Сейчас, я выскажу, может быть, самое резкое, парадоксальное суждение в связи с тем, что происходило в последнее время. Когда ко мне обращаются с вопросом: «а как можно отнестись к тому, что Лужков хочет украсить Москву портретами Сталина наряду с портретами советских маршалов?» Я всегда на это реагирую одним образом. Я считаю, что это правильно, потому что мы должны отдавать себе отчет в том, что во Второй мировой войне победил именно Сталин. Да, действительно русский народ как и в Первой мировой войне вынес основное бремя этой войны на себе. Но коммунистический режим лишил его плодов Победы. И произошло это по той простой причине, что Сталин, развязавший эту войну, предстал в результате в качестве «жертвы» этой войны, что его режим, терзавший нашу страну больше 20 лет перед этой войной, устоял и распространил свою власть на половину Европы.

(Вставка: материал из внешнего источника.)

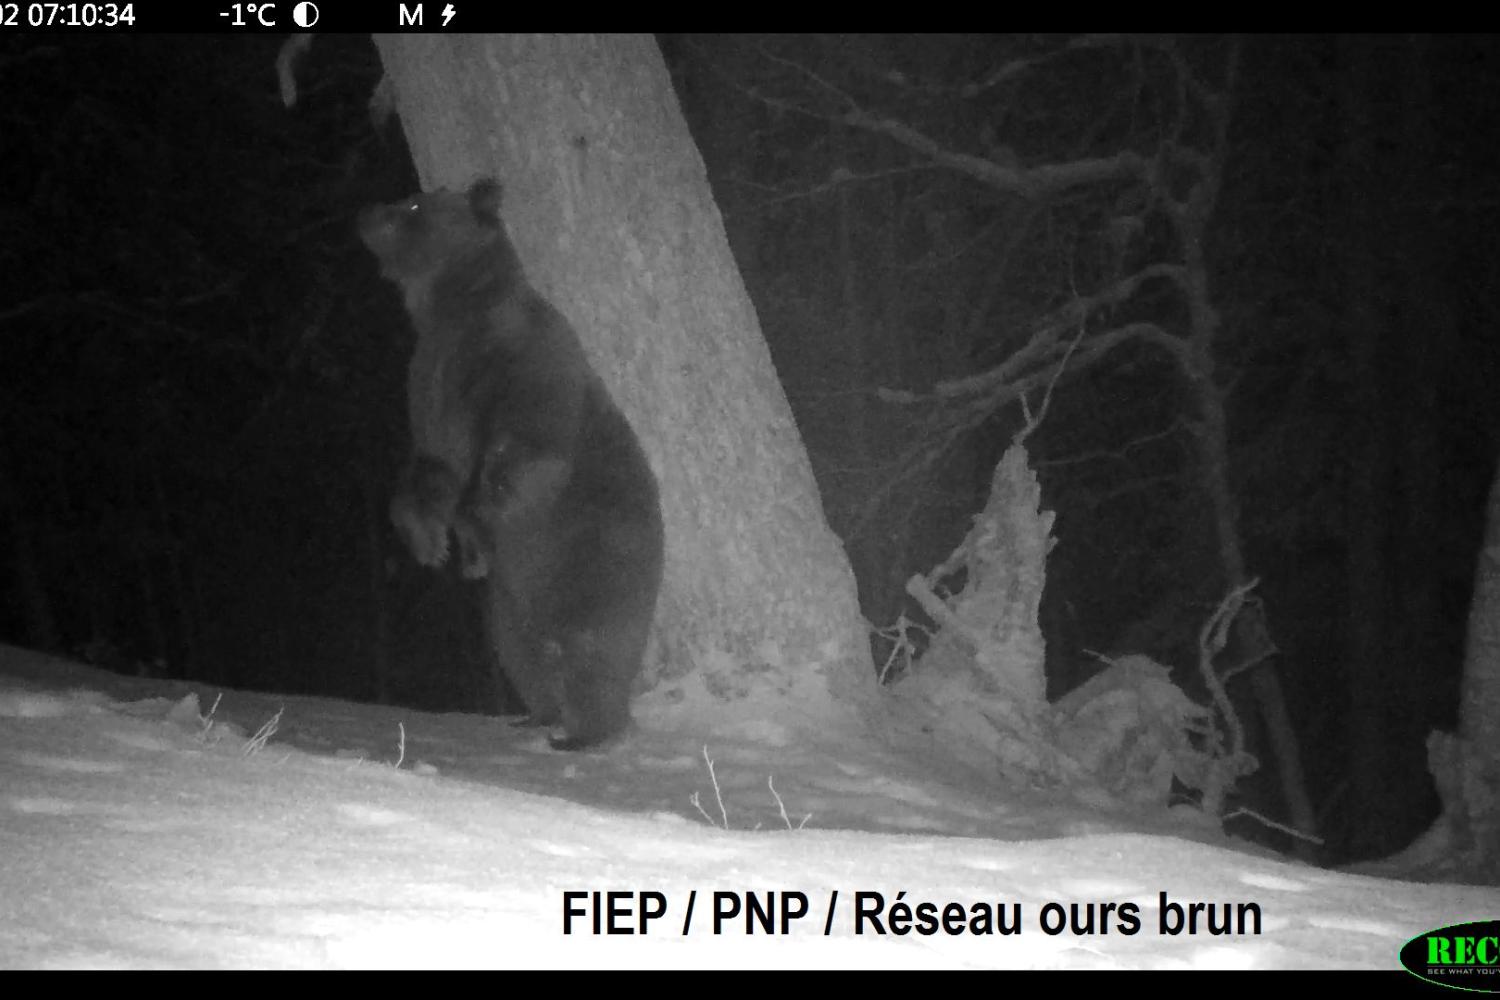 L'ours Rodri ©FIEP/ PNP/ Réseau Ours brun

Но, что самое страшное, в этой войне Сталин, уничтожив 27 миллионов русских людей, нанес нашему народу на глубинном, генетическом уровне травму, после которой наш народ был обречен на постепенное угасание. Что мы и наблюдали последующие десятилетия. И к итогу и исходу этого угасания мы сейчас подошли уже вплотную.

Да, Сталин действительно победил, он устоял, и главная его победа заключалась в том, что русский народ был уже не способен сопротивляться этому режиму после тех жертв, который он понес в этой войне. Поэтому, безусловно, праздник Победы – это победа Сталина. Ведь для нас существуют в данном случае только два возможных вывода: либо мы празднуем эту Победу, как Победу Сталина над Россией с его портретами, с портретами маршалов, которых он же и назначал. Почему портреты маршалов могут висеть, а его главнокомандующего не должны висеть? Пускай висят, ибо этим маршалы, назначенные им, воевали, боясь своего главнокомандующего больше чем противника, отсюда и способ их войны - ценой солдатских жизней.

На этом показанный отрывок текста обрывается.